L’interesse relativo alla classificazione ICF è emerso
durante gli studi universitari. Tale classificazione è
stata oggetto di studio della tesi di laurea, conseguita presso
l’Università degli Studi di Verona, relatore Prof. Angelo
Lascioli.
Le
Classificazioni Internazionali elaborate dall’Organizzazione Mondiale
della Sanità: ICD e ICIDH
A partire dalla seconda metà del secolo scorso l’Organizzazione
Mondiale della Sanità (OMS) ha elaborato differenti strumenti
di classificazione inerenti l’osservazione e l’analisi delle patologie
organiche, psichiche e comportamentali delle popolazioni, al fine
di migliorare la qualità della diagnosi di tali patologie.
La prima classificazione elaborata dall’OMS, “La Classificazione
Internazionale delle malattie” (ICD, 1970) risponde all’esigenza
di cogliere la causa delle patologie, fornendo per ogni sindrome
e disturbo una descrizione delle principali caratteristiche cliniche
ed indicazioni diagnostiche. L’ICD si delinea quindi come una
classificazione causale, focalizzando l’attenzione sull’aspetto
eziologico della patologia. Le diagnosi delle malattie vengono
tradotte in codici numerici che rendono possibile la memorizzazione,
la ricerca e l’analisi dei dati.
EZIOLOGIA
--> PATOLOGIA --> MANIFESTAZIONE CLINICA
L’ICD
rivela ben presto vari limiti di applicazione e ciò induce
l’OMS ad elaborare un nuovo manuale di classificazione, in grado
di focalizzare l’attenzione non solo sulla causa delle patologie,
ma anche sulle loro conseguenze: “la Classificazione Internazionale
delle menomazioni, delle disabilità e degli handicap”
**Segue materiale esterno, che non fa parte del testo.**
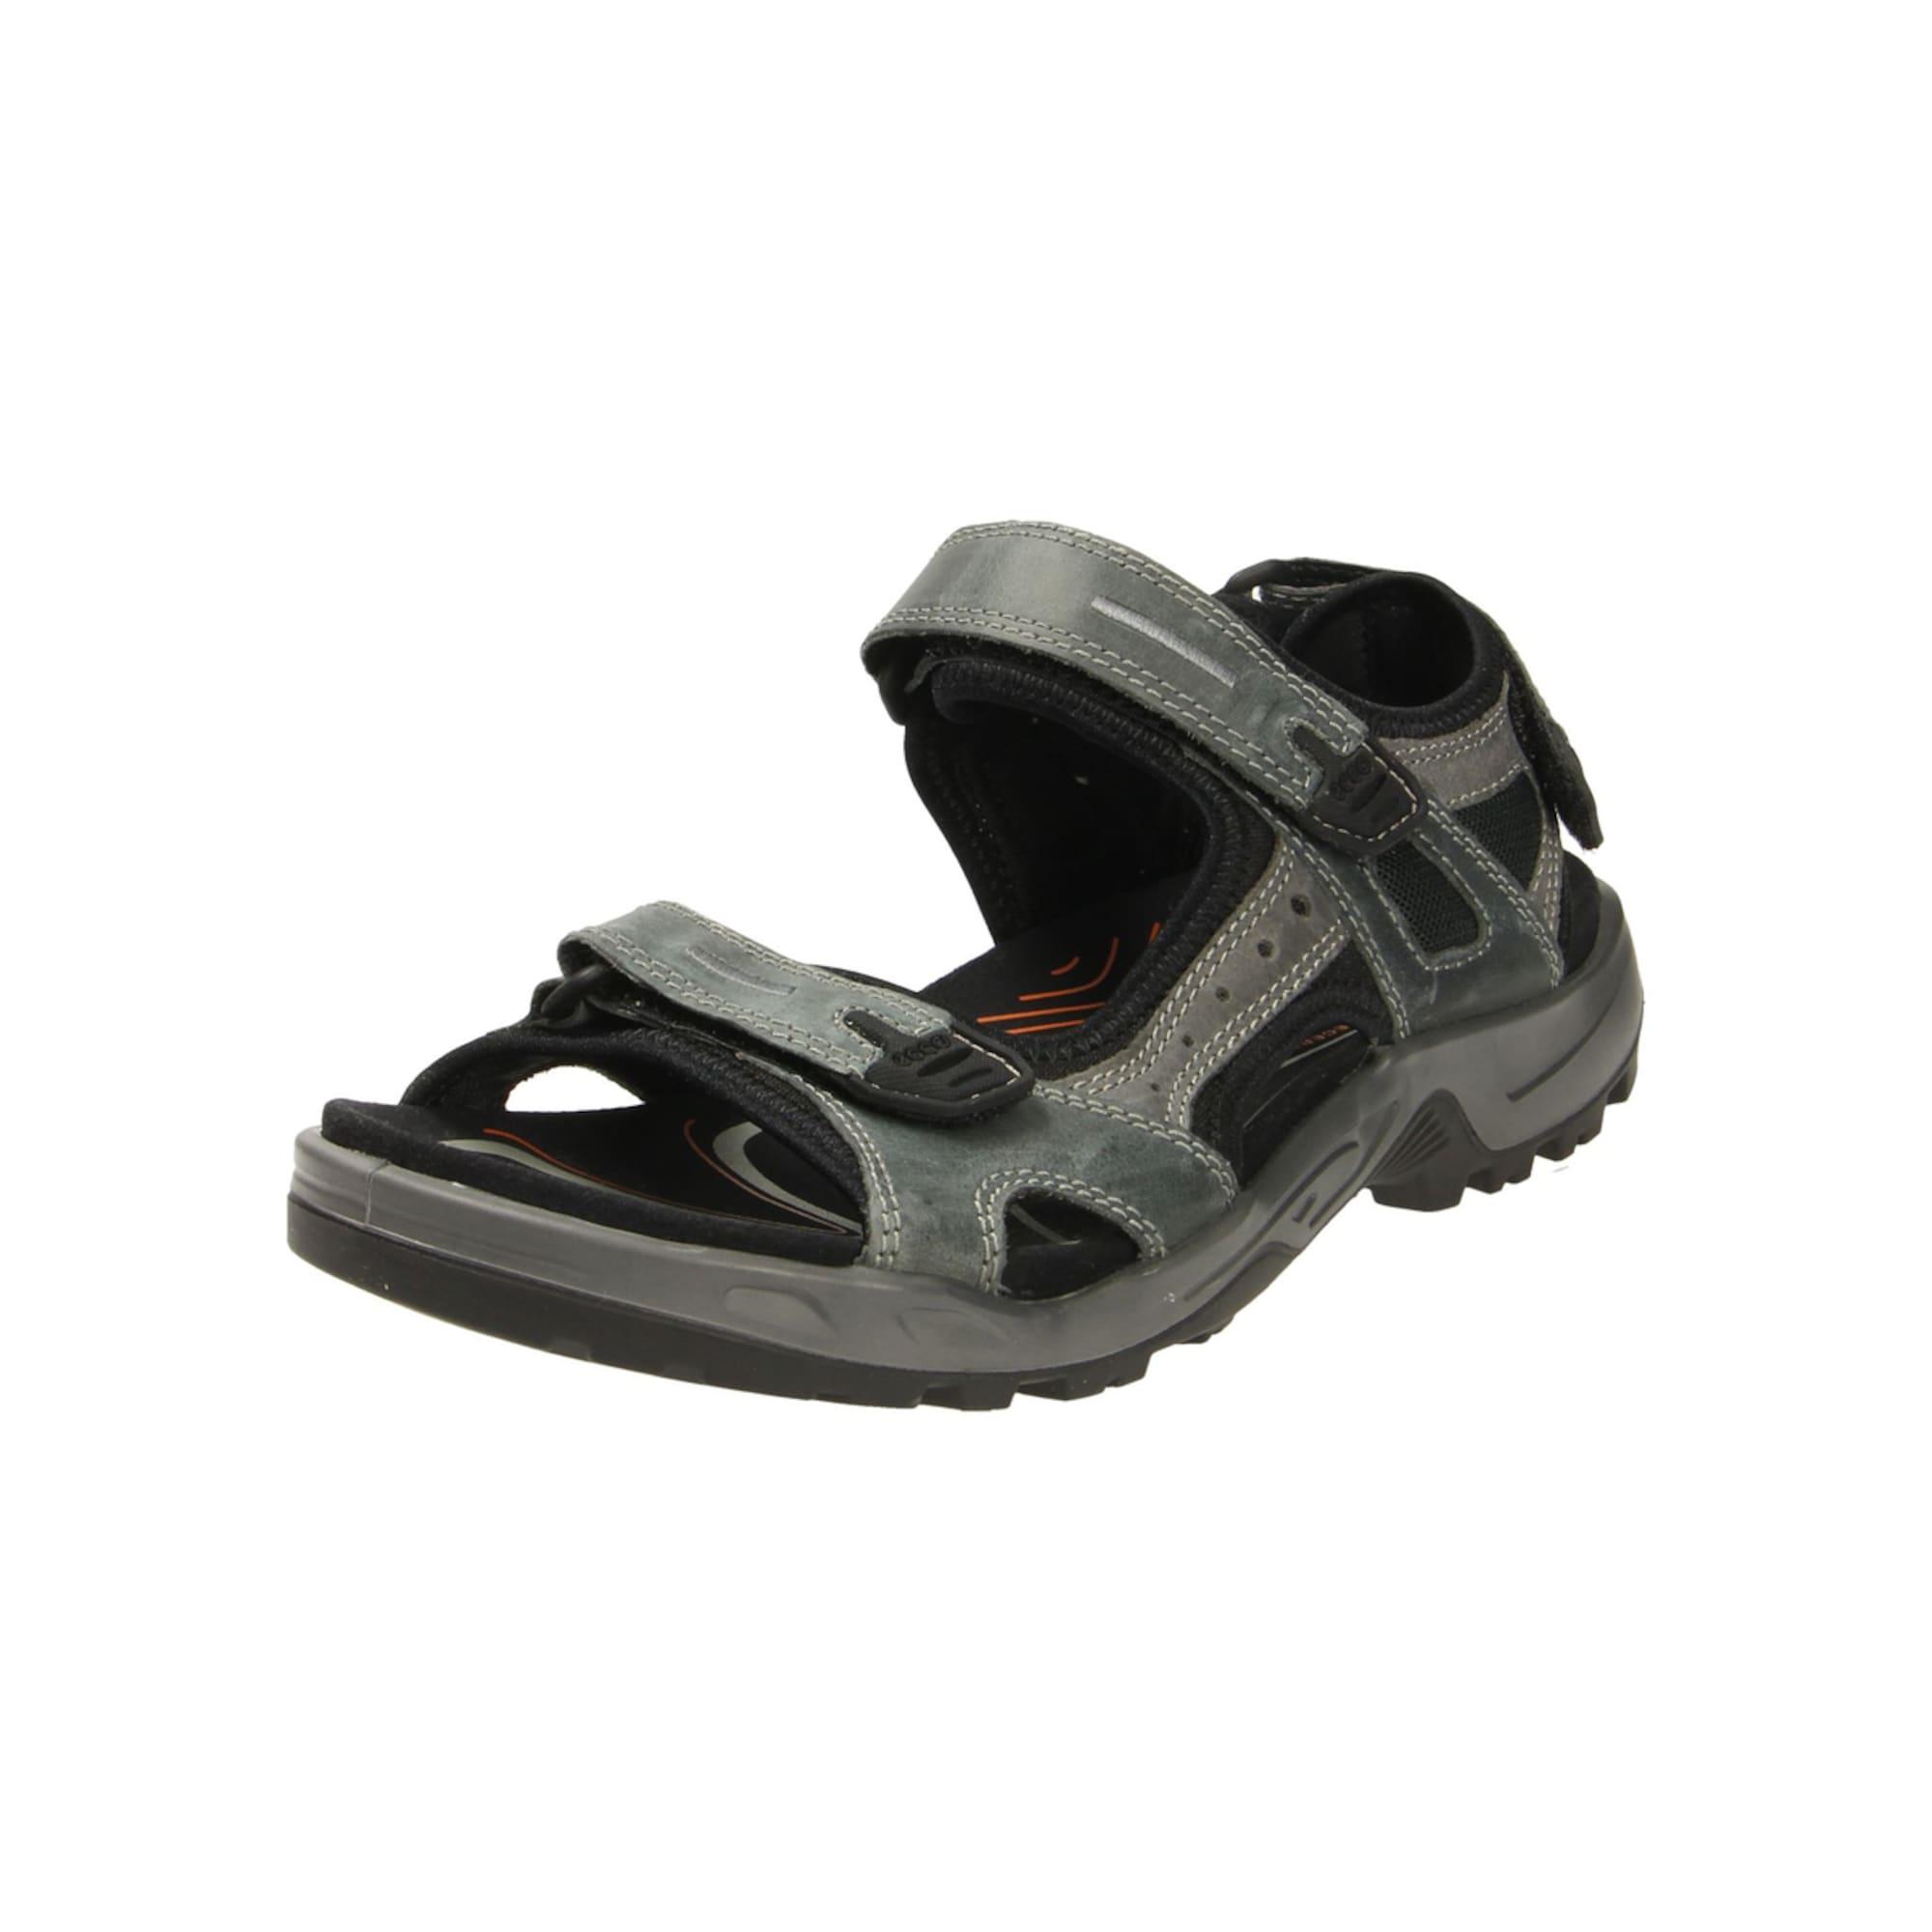 ECCO Sportinio tipo sandalai pilka

(ICIDH, 1980). L’ICIDH non coglie la causa della patologia, ma
l’importanza e l’influenza che il contesto ambientale esercita
sullo stato di salute delle popolazioni. Con l’ICIDH non si parte
più dal concetto di malattia inteso come menomazione, ma
dal concetto di salute, inteso come benessere fisico,
mentale, relazionale e sociale che riguarda l’individuo, la
sua globalità e l’interazione con l’ambiente.
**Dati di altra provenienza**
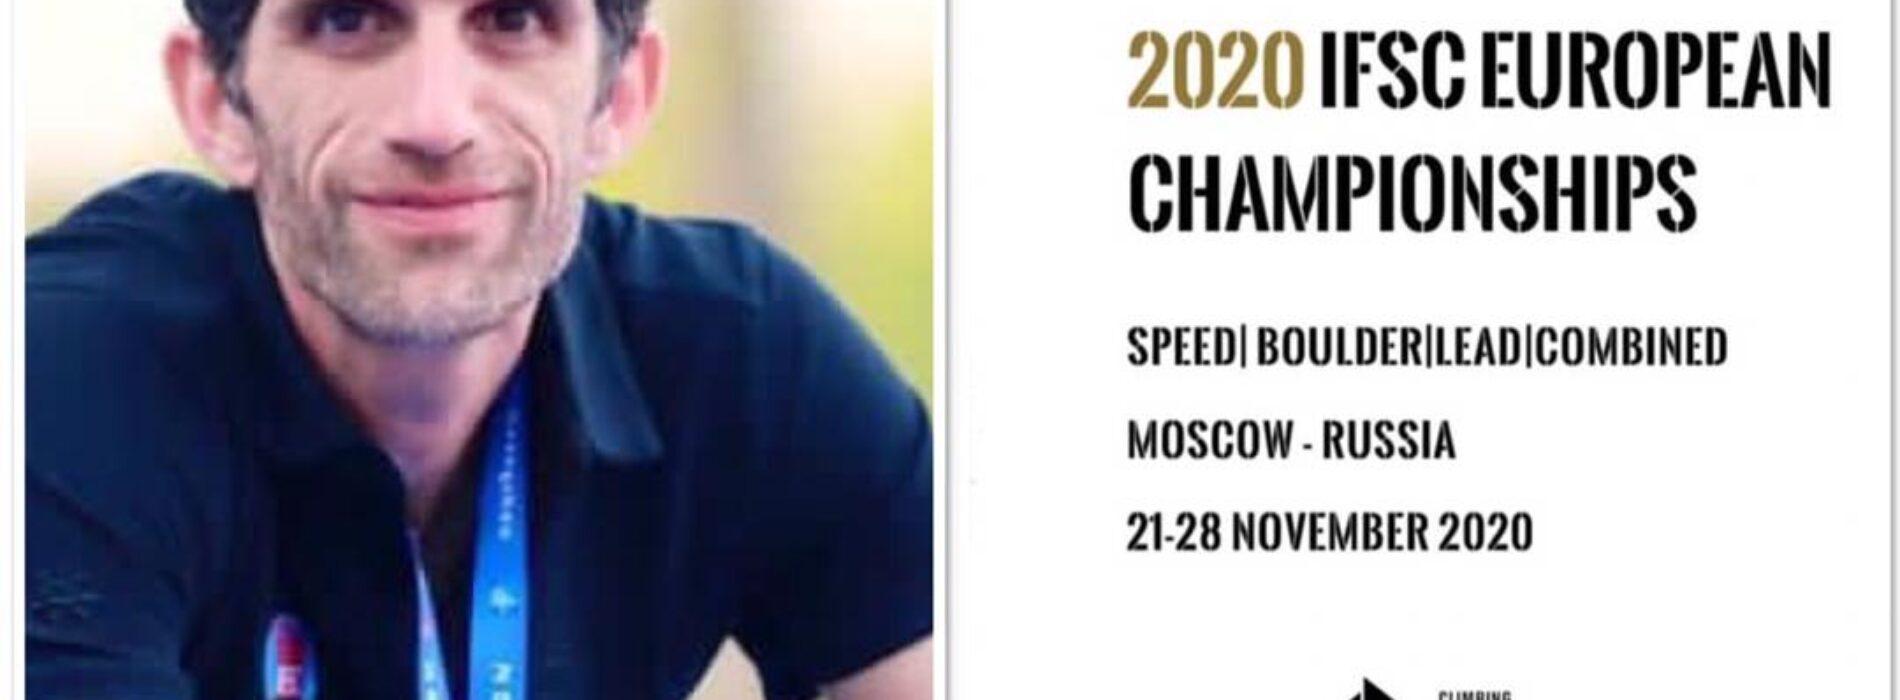 انتخاب یک طراح ایرانی برای مسابقات سنگنوردی انتخابی المپیک در «اروپا»

L’OMS dichiara l’importanza di utilizzare l’ICD (in Italia si
fa riferimento alla versione 10 del 1992) e l’ICIDH in modo complementare,
favorendo l’analisi e la comprensione delle condizioni di salute
dell’individuo in una prospettiva più ampia, in quanto
i dati eziologici vengono integrati dall’analisi dell’impatto
che quella patologia può avere sull’individuo e sul contesto
ambientale in cui è inserito.
L’ICIDH
è caratterizzato da tre componenti fondamentali, attraverso
le quali vengono analizzate a valutate le conseguenze delle malattie:
- la menomazione, come danno organico e/o funzionale;
- la disabilità, come perdita di capacità
operative subentrate nella persona a causa della menomazione;
- svantaggio (handicap), come difficoltà che l’individuo
incontra nell’ambiente circostante a causa della menomazione.
MALATTIA
O DISTURBO --> MENOMAZIONI --> DISABILITA’ --> HANDICAP
La
presenza di limiti concettuali insiti nella classificazione ICIDH
ha portato l’OMS ad elaborare un’ulteriore strumento, “La
Classificazione Internazionale del funzionamento e delle disabilità"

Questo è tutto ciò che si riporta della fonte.